Bien évidemment, l’action publique est souvent amenée à être confrontée à une interrogation sur sa pertinence
à l’égard de l’intérêt général ou des valeurs de service public et il est certainement nécessaire de concevoir
des formations qui n’évacuent pas ces dimensions au profit d’approches trop technicistes du management
(il faut noter à ce sujet que les dimensions éthiques sont aussi souvent revendiquées comme essentielles par
les concepteurs de formation pour les manageurs privés). On peut cependant considérer que le management
public se caractérise par une dimension particulière : l’articulation souvent complexe entre l’acteur politique

102
Séminaire - EN3S - Octobre 2006

et le manageur public, articulation souvent difficile dans les processus de changement organisationnel, les
formes de pilotage actuels sur objectifs qui sont au cœur des politiques de modernisation contribuant à en
révéler toutes les contradictions. Au-delà de l’affirmation de la primauté du politique, on voit bien combien
temps politique et temps administratif, sanction électorale et management sur objectifs sont souvent en
tension. La façon dont le contrat implicite (qui a souvent peu à voir avec la rationalité enseignée en matière
de conduite de projet et d’évaluation de la performance) entre le manageur politique et le manageur public
structure le management public doit être présentée dans les processus de formation.
Cette réflexion sur le caractère spécifique de la formation au management public est d’autant plus indispensable
que celui-ci n’est pas homogène et que l’exercice des fonctions d’encadrement est fortement déterminée par
des contingences propres à chaque organisation de services. Si certaines structures publiques productrices de
prestations et de services relèvent de problématiques souvent proches des organisations privées (maîtrise de
la qualité, segmentation des publics, équilibre économique par exemple), d’autres organisations interviennent
dans le champ des fonctions régaliennes de l’État et mettent en œuvre des processus de management
d’autres natures.
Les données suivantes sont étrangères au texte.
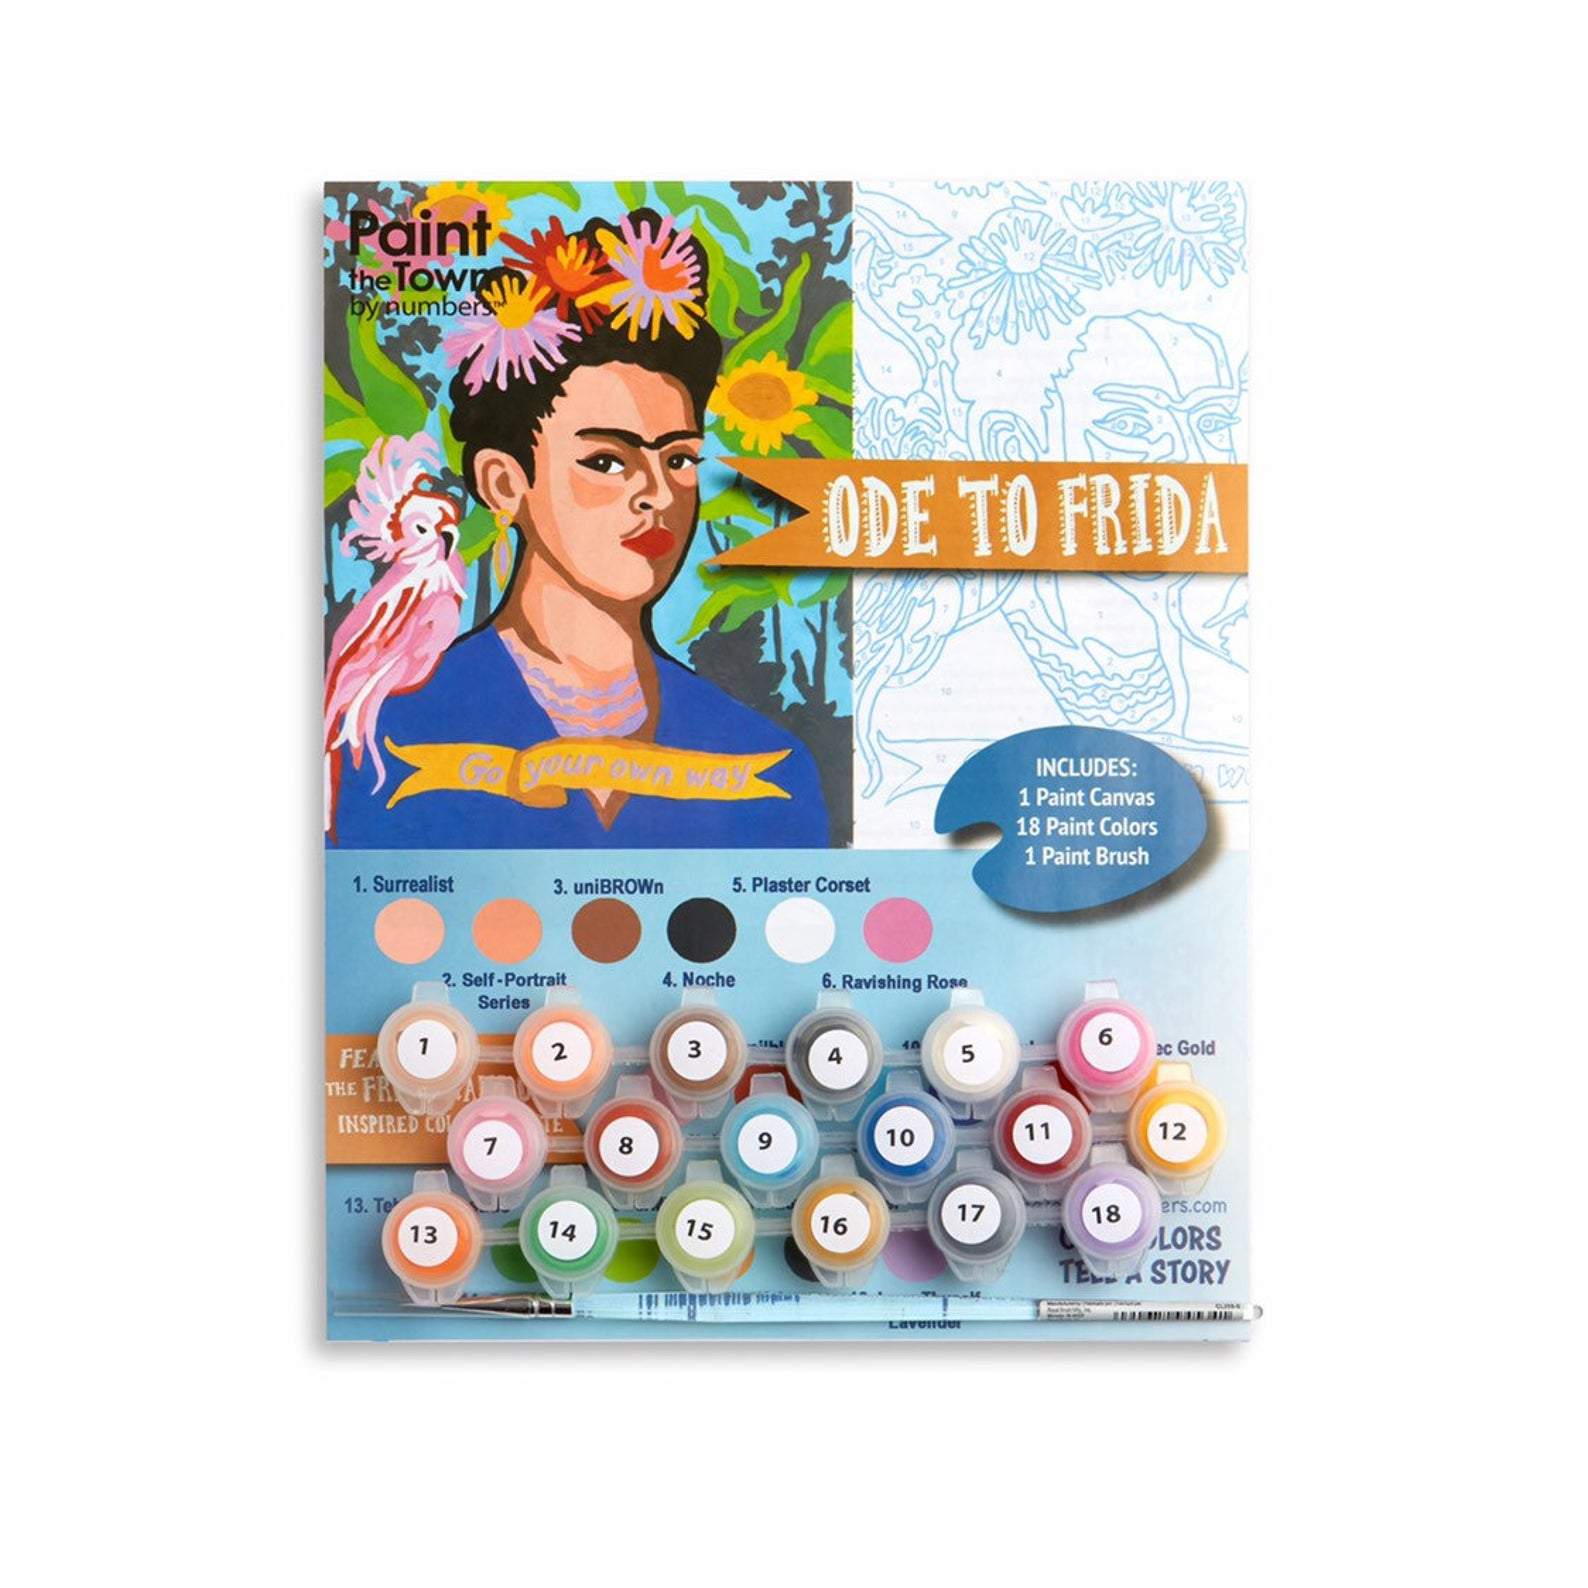 Ode to Frida Paint By Number Kit

Une intervention efficace dans le champ de la formation au management suppose d’être
d’abord capable de conceptualiser les spécificités de chaque environnement professionnel pour en permettre
une réappropriation par des formateurs. On pourrait dire que les Écoles de service public doivent être l’un
des lieux où se réfléchissent et se formalisent les caractères particuliers de chaque management, démarche
non contradictoire bien au contraire avec la recherche de transfert de méthodes et d’outils provenant d’autres
environnements. On peut penser en effet que l’on est d’autant plus apte à enrichir les pratiques de nos
organisations par des apports externes que ce travail réflexif sur nos propres pratiques aura été mené
conjointement.

Au delà quelle projection sur le long terme ?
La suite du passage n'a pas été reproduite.